El tenso momento entre los representantes de Israel y Palestina en un congreso de la FIFA

El Congreso de la Federación Internacional de Fútbol Asociado (FIFA), realizado el pasado jueves en Vancouver,Canadá,dejó una cuadro que expuso las tensiones geopolíticas que atraviesan al fútbol internacional.El presidente de la Asociación Palestina de Fútbol (APF), Jibril Rajoub, rechazó estrechar la toque con la mano del vicepresidente de la Asociación de Fútbol de Israel (AFI), Basim Sheikh Suliman, en un rostro que buscaba impulsar el titular del organismo,Gianni Infantino.
La cuadro se dio en el Centro de Convenciones de Vancouver,luego de las exposiciones de uno y otro dirigentes.Infantino intentó reunirlos nuevamente sobre el escena con la intención de construir una imagen de distensión en la antesala del Mundial 2026,en un contexto impresionado por la subida del conflicto en Medio Oriente. Sin confiscación,pese a aceptar subir al estrado,Rajoub se mantuvo distante y finalmente abandonó el zona sin concretar el saludo.
El tenso momento entre los representantes de Israel y Palestina
Durante su intervención previa,Rajoub volvió a cuestionar a la FIFA por no avanzar sobre las denuncias presentadas por la APF contra Israel.El dirigente palestino sostiene que se incumplen normas contra la discriminación al permitir la décimo de clubes radicados en asentamientos de Cisjordania internamente de la ataderas israelí.
Así fue el tenso momento entre uno y otro representantes.
En ese ámbito,confirmó que el caso será llevado al Tribunal de Arbitraje Deportivo, luego de que la FIFA decidiera en marzo no aplicar sanciones,aludiendo a la complejidad del status justo del país.
En paralelo,el organismo sí avanzó en otro expediente: sancionó a la AFI con u$s190.000 por cargos disciplinarios vinculados a “discriminación y abuso racista”, adicionalmente de “conducta ofensiva y violaciones de los principios del cotejo limpio”.

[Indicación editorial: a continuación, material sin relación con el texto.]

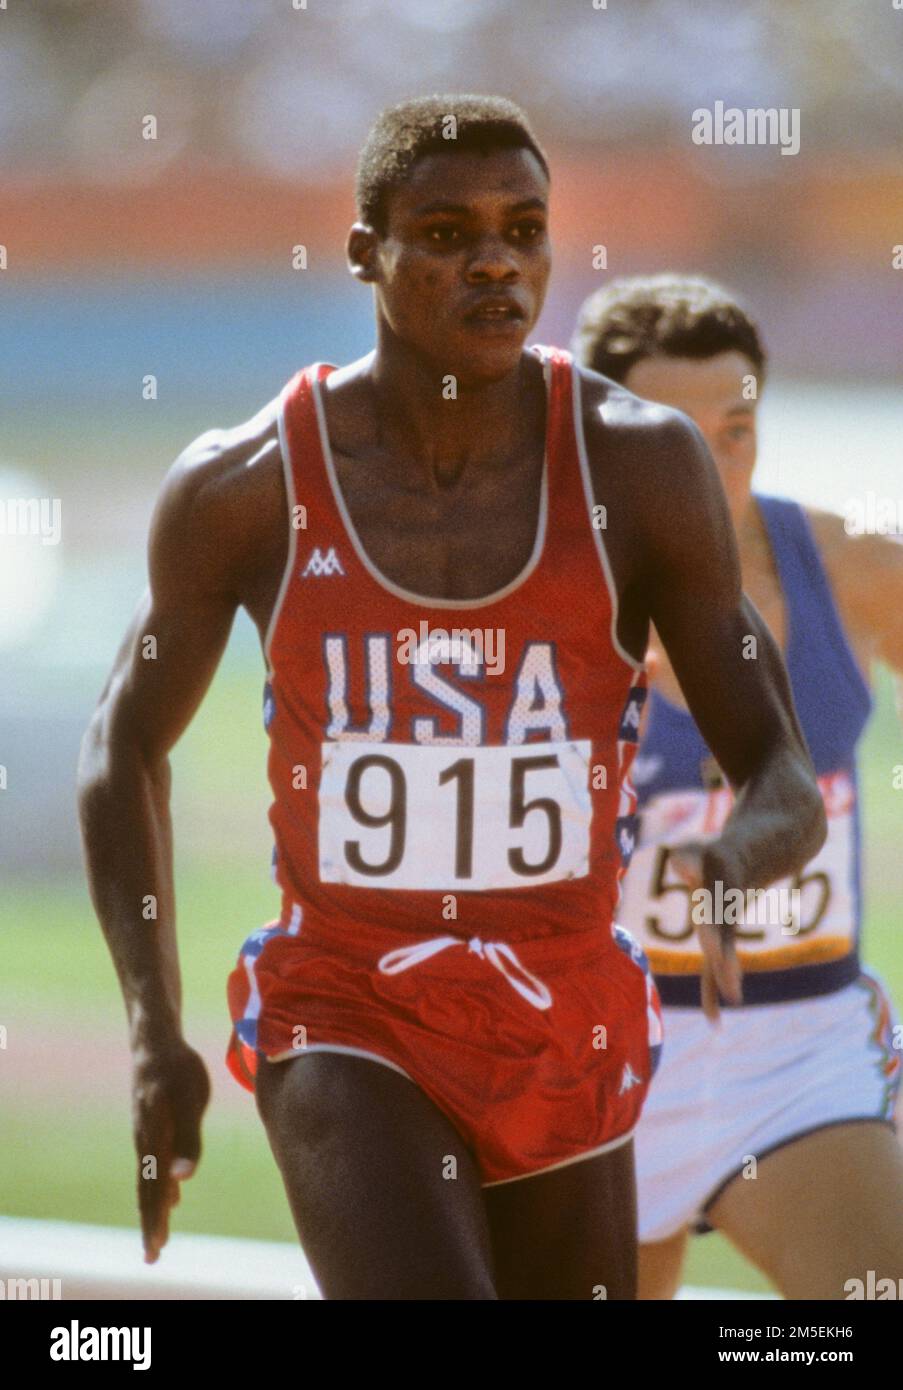 OLYMPIC SUMMER GAMES LOS ANGELES 1984 Carl Lewis USA win 100m sprint in  Los Angeles 1984 Stock Photo

Tras el fallido intento de acercamiento, Infantino tomó la palabra para insistir con un mensaje conciliador: “Presidente Rajoub,vicepresidente Suliman: trabajemos juntos.Trabajemos juntos para dar esperanza a los niños.Trabajemos juntos para eso”.

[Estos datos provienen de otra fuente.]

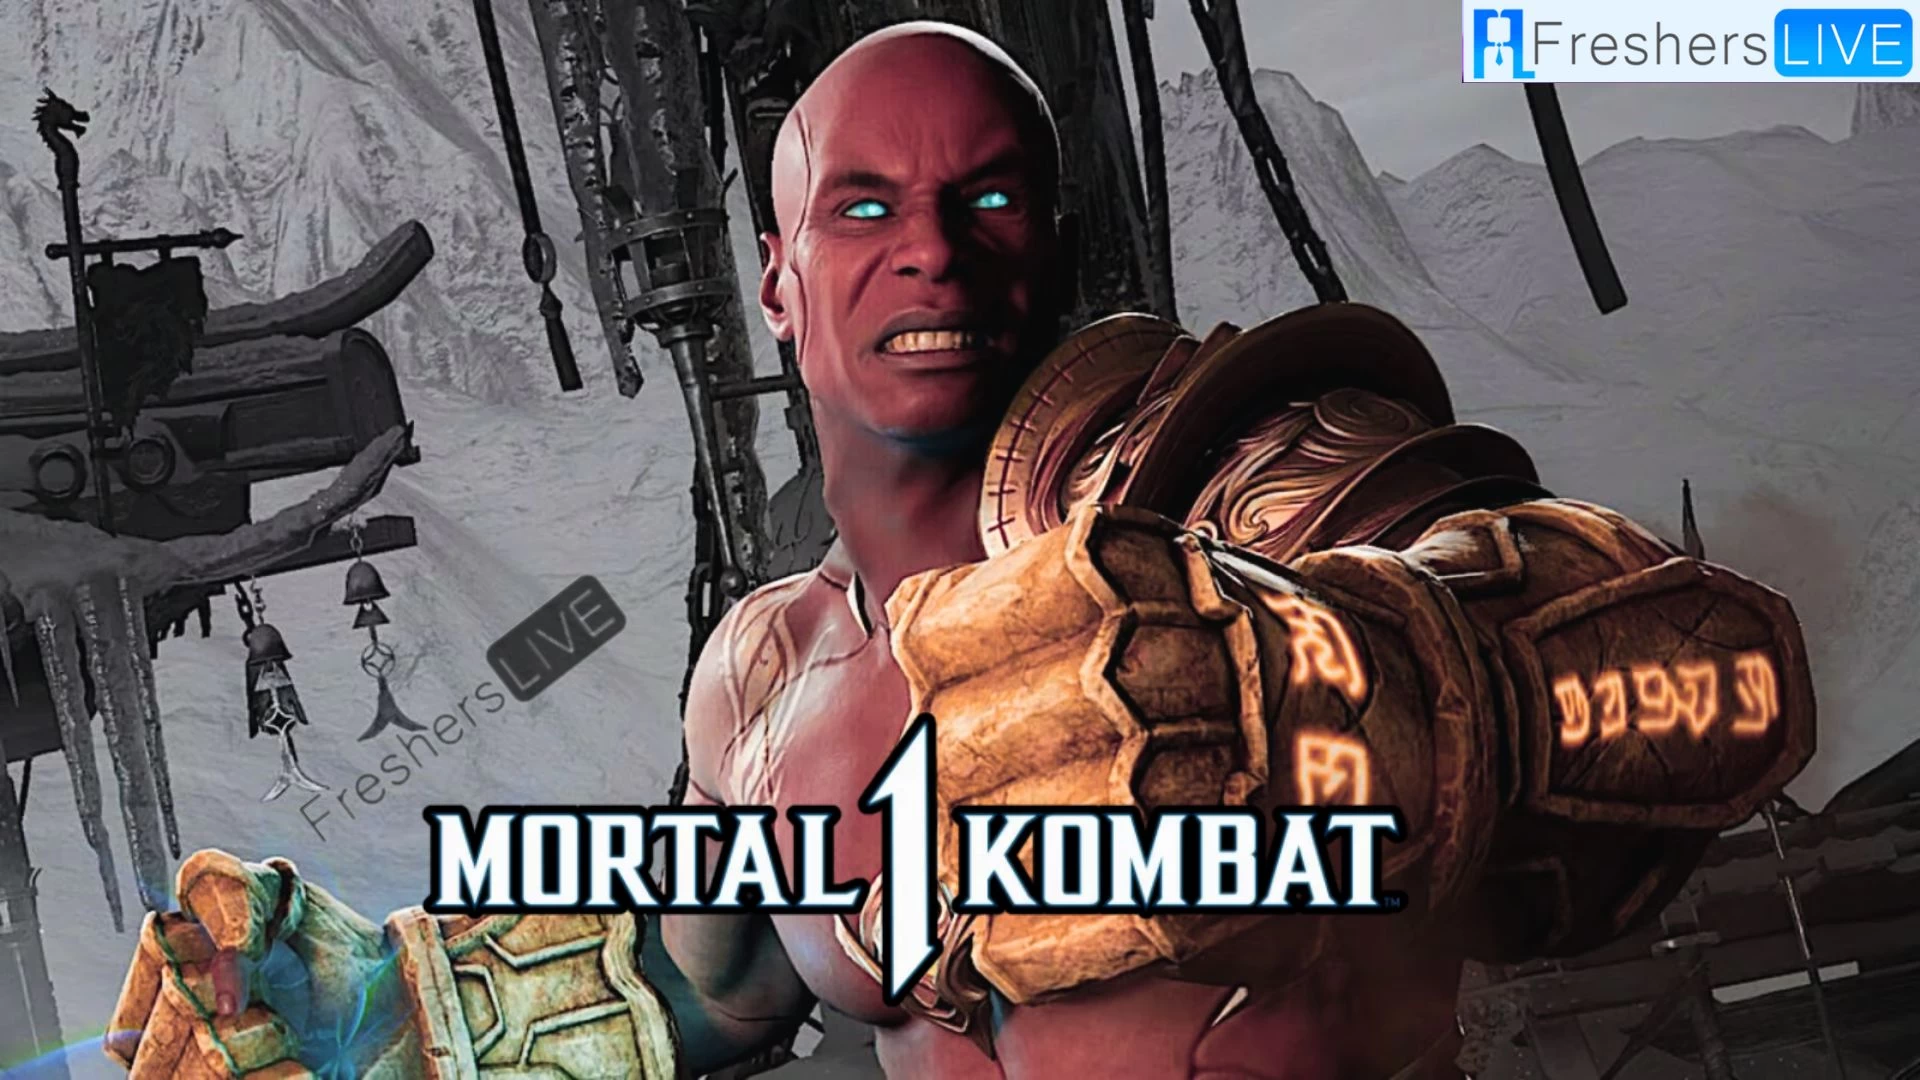 Mortal Kombat 1 Smoke Character Guide, Smoke's Special Moves, Fatalities and Brutalities

Lejos de moderar su postura,Rajoub redobló sus críticas en diálogo con la prensa.Cuestionó la legalidad de Israel internamente del organismo y sostuvo: “De mi parte,sigo respetando y siguiendo todos los procedimientos legales a través de las instituciones de la FIFA,pero creo que es momento de entender que Israel debería ser sancionado por las violaciones de los estatutos de la FIFA,de los derechos humanos”.
Desde el flanco israelí,el secretario universal transitorio de la AFI,Yariv Teper,evitó polemizar,aunque dejó abierta la puerta a un eventual diálogo: “Estamos en el Congreso de la FIFA. Nuestra misión es promover el fútbol y un futuro mejor para todas las regiones,y esa es nuestra misión”.
La disputa no es nueva.Desde hace primaveras,la dirigencia palestina denuncia que Israel viola los estatutos del fútbol internacional al integrar a equipos de asentamientos en su competencia doméstica.De hecho,hace un año y medio se abrió una investigación disciplinaria tras una nueva problema formal de la coalición palestina.
El episodio vuelve a evidenciar cómo el conflicto político en Medio Oriente impacta directamente en organismos globales como la FIFA,en un escena donde los intentos de neutralidad institucional chocan con tensiones cada vez más difíciles de disimular.